2.3.3. Live/dead assay
The viability of cells was analyzed using a commercially available kit (Thermo Fisher, Waltham, MA). Briefly, after a 24-h exposure to MPP+, the medium was removed from the cultures and the cells were washed with Dulbecco’s phosphate-buffered saline (DPBS). A solution of 2 μM calcein and 4 μM ethidiumhomodimer-1 in DPBS was added for 30 min at room temperature. Micrographs were taken at 4X and live or dead cells were detected using a fluorescein isothiocyanate (FITC) or tetramethylrhodamine (TRITC) filters, respectively. Images were analyzed using ImageJ (National Institutes of Health) and the data are reported as percentage of live cells.
2.4. Mitochondrial function assay
To assess changes in mitochondrial function, MitoTracker® Orange CMTMRos (Invitrogen, Waltham, MA) staining was used. After a 24-h exposure to MPP+, media was removed, and cells were labeled with 5 μg/mL Hoechst 33342 and 100 nM MitoTracker® Orange CMTMRos for 30 min at 32 °C. Cells were then fixed in 2% paraformaldehyde. Images were then acquired at 20X for qualitative analysis. The dye is well-retained after aldehyde fixation, allowing it to be tracked under microscopy for qualitative analysis.
2.5. Western Blot analysis
Protein expression of TH was evaluated. After 24 h of MPP+ exposure, HDNPCs were lysed with RIPA buffer (Cell Signaling, Danvers, MA) containing protease inhibitors, phosphatase inhibitors (Sigma-Aldrich Inc., St. Louis, MO), and phenylmethylsulfonyl fluoride (Cell Signaling, Danvers, MA). Protein concentration was determined using the bicinchoninic acid (BCA) method (Thermo Fisher Scientific, Waltham, MA). For each sample, 15 µg protein was loaded in 4–20% Tris-HCl gradient gels (Bio-Rad, Hercules, CA) and electrophoresis performed at 200 V for 60 min at 4 °C. After electrophoresis, proteins were transferred to polyvinylidene fluoride (PVDF) membranes at 100 V for 60 min at 4 °C. Membranes were blocked with PBS blocking buffer (LiCor, Lincoln, NE) for 1 h and then incubated 48 h at 4 °C with LAMP-1 (, Phosphosolutions, Aurora, CO, 1:1000), LC3BII (Cell Signaling, 1:500), TH (Millipore, Burlington, MA, 1:1000), and β-actin (Sigma-Aldrich Inc., 1:5000). Membranes were then washed and incubated with IRDye 800CW or 680 RD secondary antibodies (LiCor, 1:20,000) for 1 h at room temperature and protected from light. Band intensities were determined with the Odyssey CLx Infrared system (LiCor) and quantified with Image Studio version 5.0 (LiCor). Data were normalized to β-actin and the integrated density of each marker was expressed as ratio of LAMP-1/ βA, LC3B/ βA, TH/ βA. The most representative band for each marker or condition was chosen for the final figure.
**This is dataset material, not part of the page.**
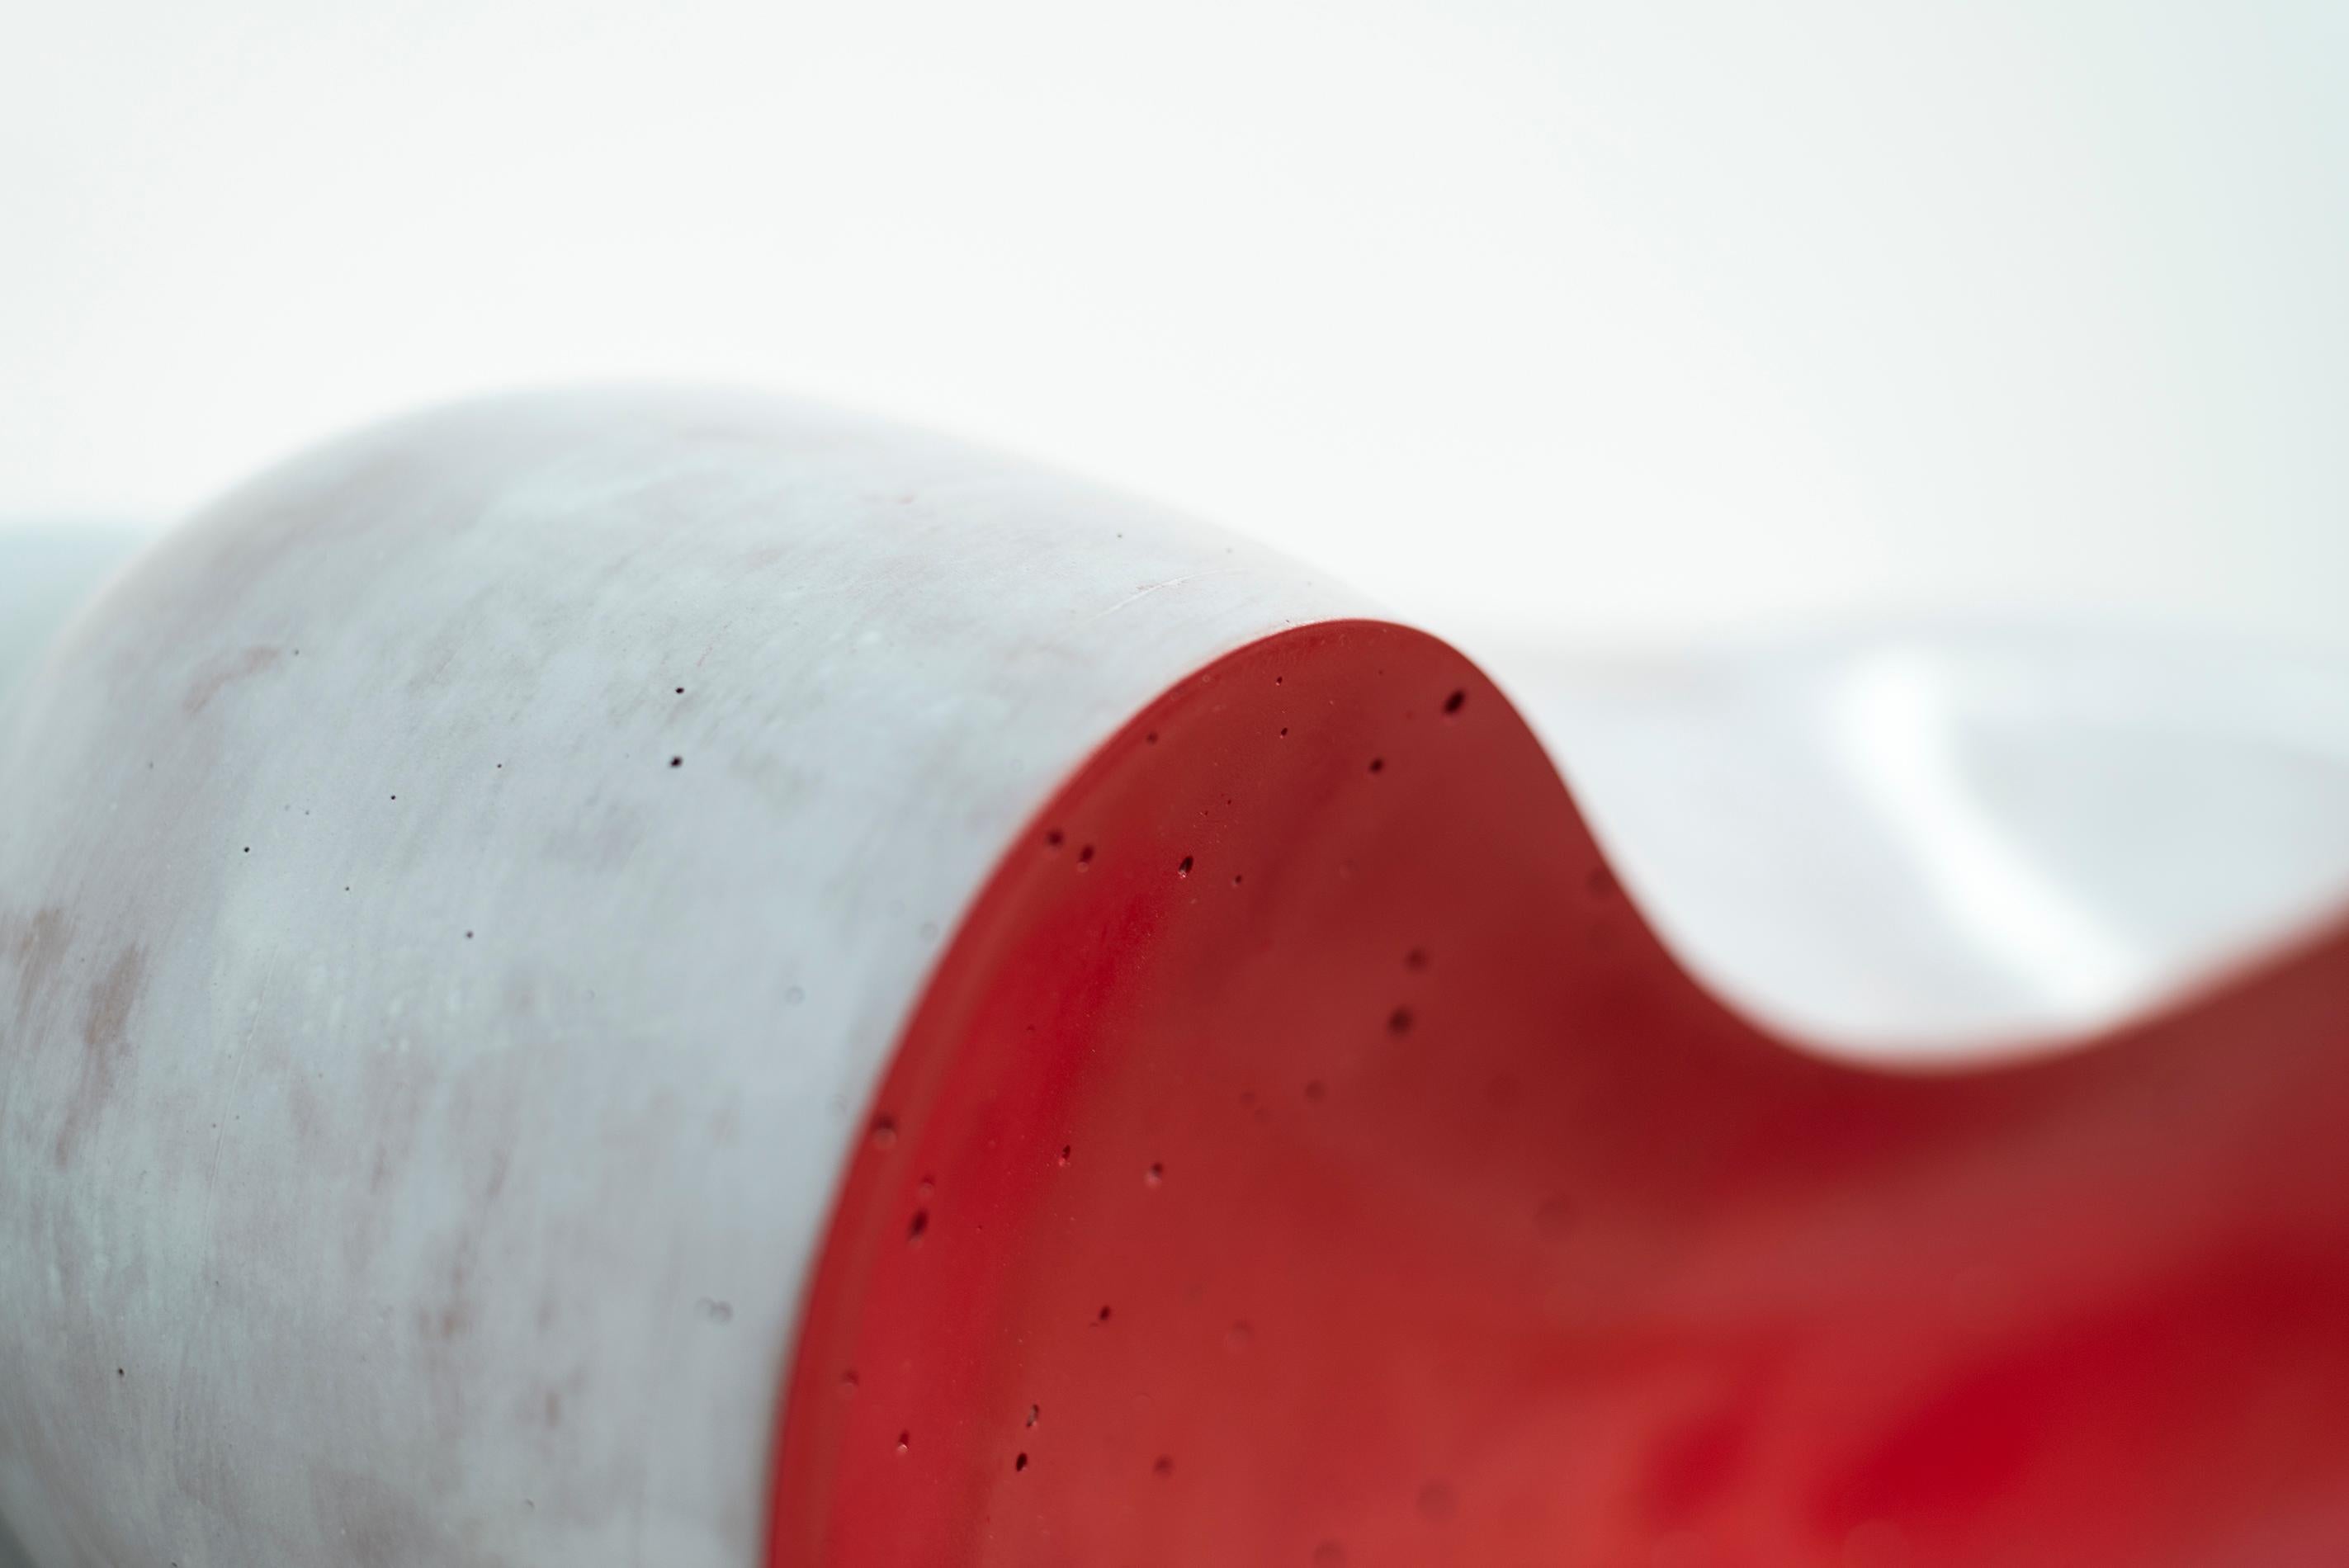 La Bouche - playful, red, white, abstract, elongated, ceramic wall sculpture For Sale 3

2.6. Morphological analysis
To assess the localization of parkin and α-SYN, cells were grown on 8-well chambered slides. After a 24-h exposure to MPP+ (1.0 and 2.5 mM), cells were fixed in 4% paraformaldehyde in PBS (pH 7.4), blocked with 5% albumin (Sigma-Aldrich Inc.) and incubated with anti-Parkin, rabbit (Cell Signaling, 1:200) and anti-α-SYN, mouse (1:200, Cell Signaling,) overnight at 4 °C. Secondary antibodies [anti-rabbit- FITC or anti-mouse- CY3, Jackson ImmunoResearch, West Grove, PA, 1:500] were incubated for 2 h at room temperature. Photomicrographs were taken at 20X for qualitative analysis.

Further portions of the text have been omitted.